Release of HlpA by S. mutans during growth in CDM. Symbols: ○, turbidity of a culture at pH 6.8; •, turbidity of a culture at pH 6; □, extracellular HlpA at pH 6.8 as determined by enzyme immunoassay; ▪, extracellular HlpA at pH 6.

FIG. 6

Gel filtration chromatography of S. mutans cell components in spent medium. Symbols: ○, absorbance at 280 nm; •, absorbance at 405 nm in ELISA for HlpA; □, LTA concentration determined by passive hemagglutination assay.
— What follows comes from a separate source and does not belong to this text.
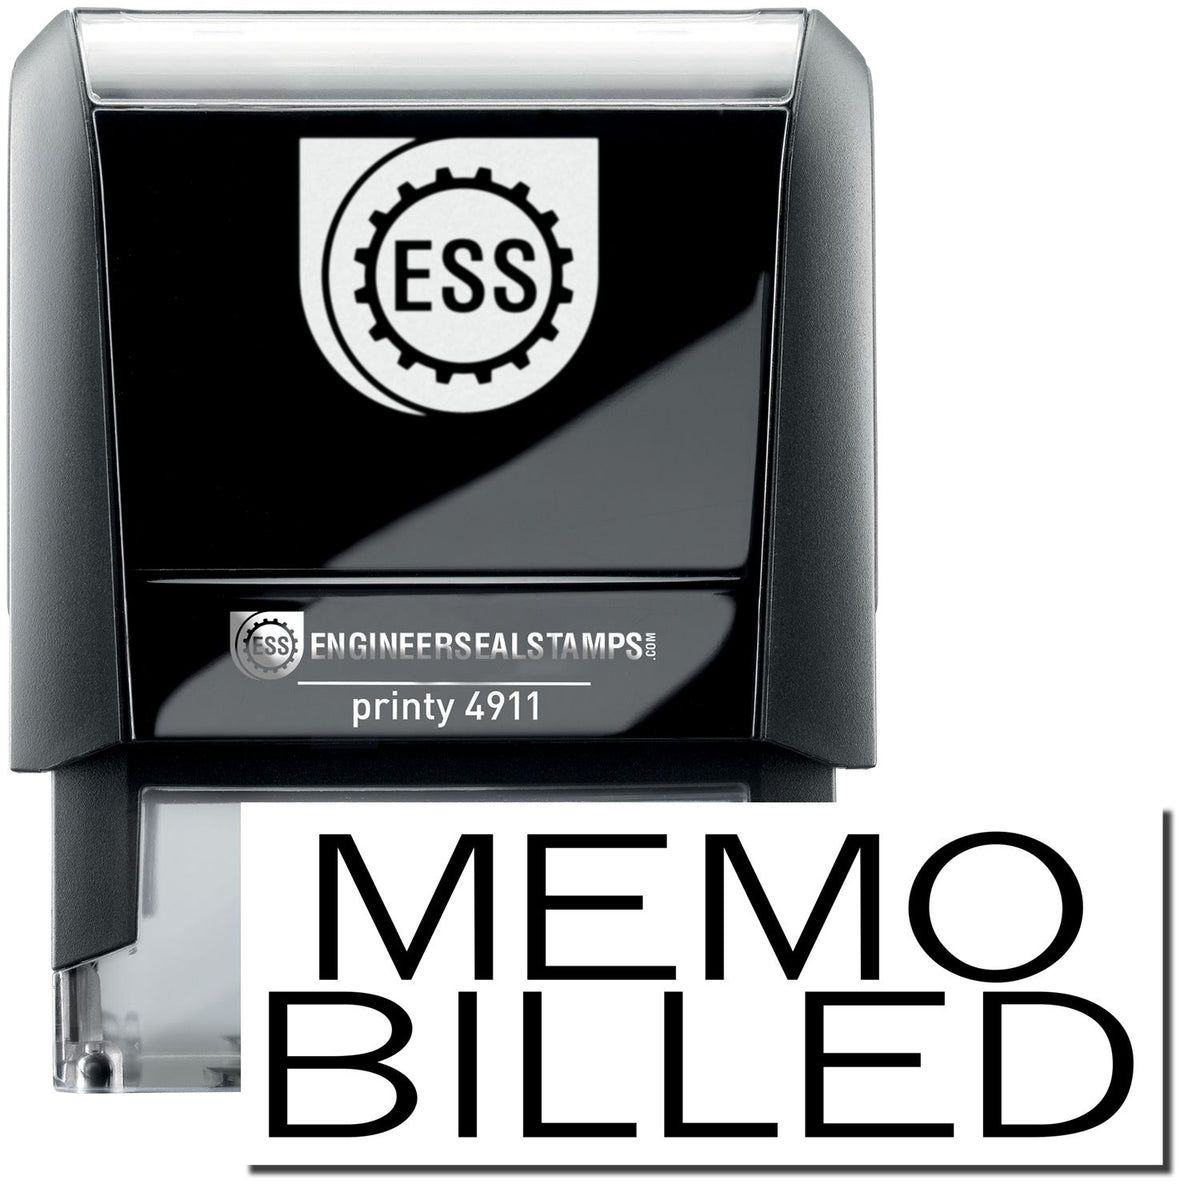 A self-inking stamp with a stamped image showing how the text &quot;MEMO BILLED&quot; is displayed after stamping.

The elution point of purified HlpA is indicated by the bar.

FIG. 7

Mobility shift assay of HlpA-LTA complexes in nondenaturing PAGE. Lane 1, 2 μg of HlpA only. For lanes 2 to 8, 2 μg of HlpA was mixed with 63 ng, 125 ng, 250 ng, 500 ng, 1 μg, 2 μg, and 4 μg of LTA, respectively. Lane 9 contained only 4 μg of LTA. The LTA and HlpA were obtained from S. mutans.

FIG. 8

IIF assay showing HlpA and LTA binding to HEp-2 cell monolayers. (A) Cells treated with HlpA-LTA complexes (50 μg of protein) isolated from spent culture medium of S. mutans and stained for HlpA with MAb 3C4 and FITC-conjugated rabbit antibodies to mouse immunoglobulins; (B) cells treated with 20 μg of purified HlpA and stained as described for panel A; (C) cells treated with PBS (control) and stained as described for panel A; (D) cells treated with HlpA-LTA complexes isolated from spent culture medium and stained with affinity-purified rabbit antibodies to LTA and FITC-conjugated goat antibodies to rabbit IgG; (E) cells treated with 50 μg of pure LTA and stained as described for panel D; (F) control cells treated with only the primary and secondary antibodies. Magnification, ×328.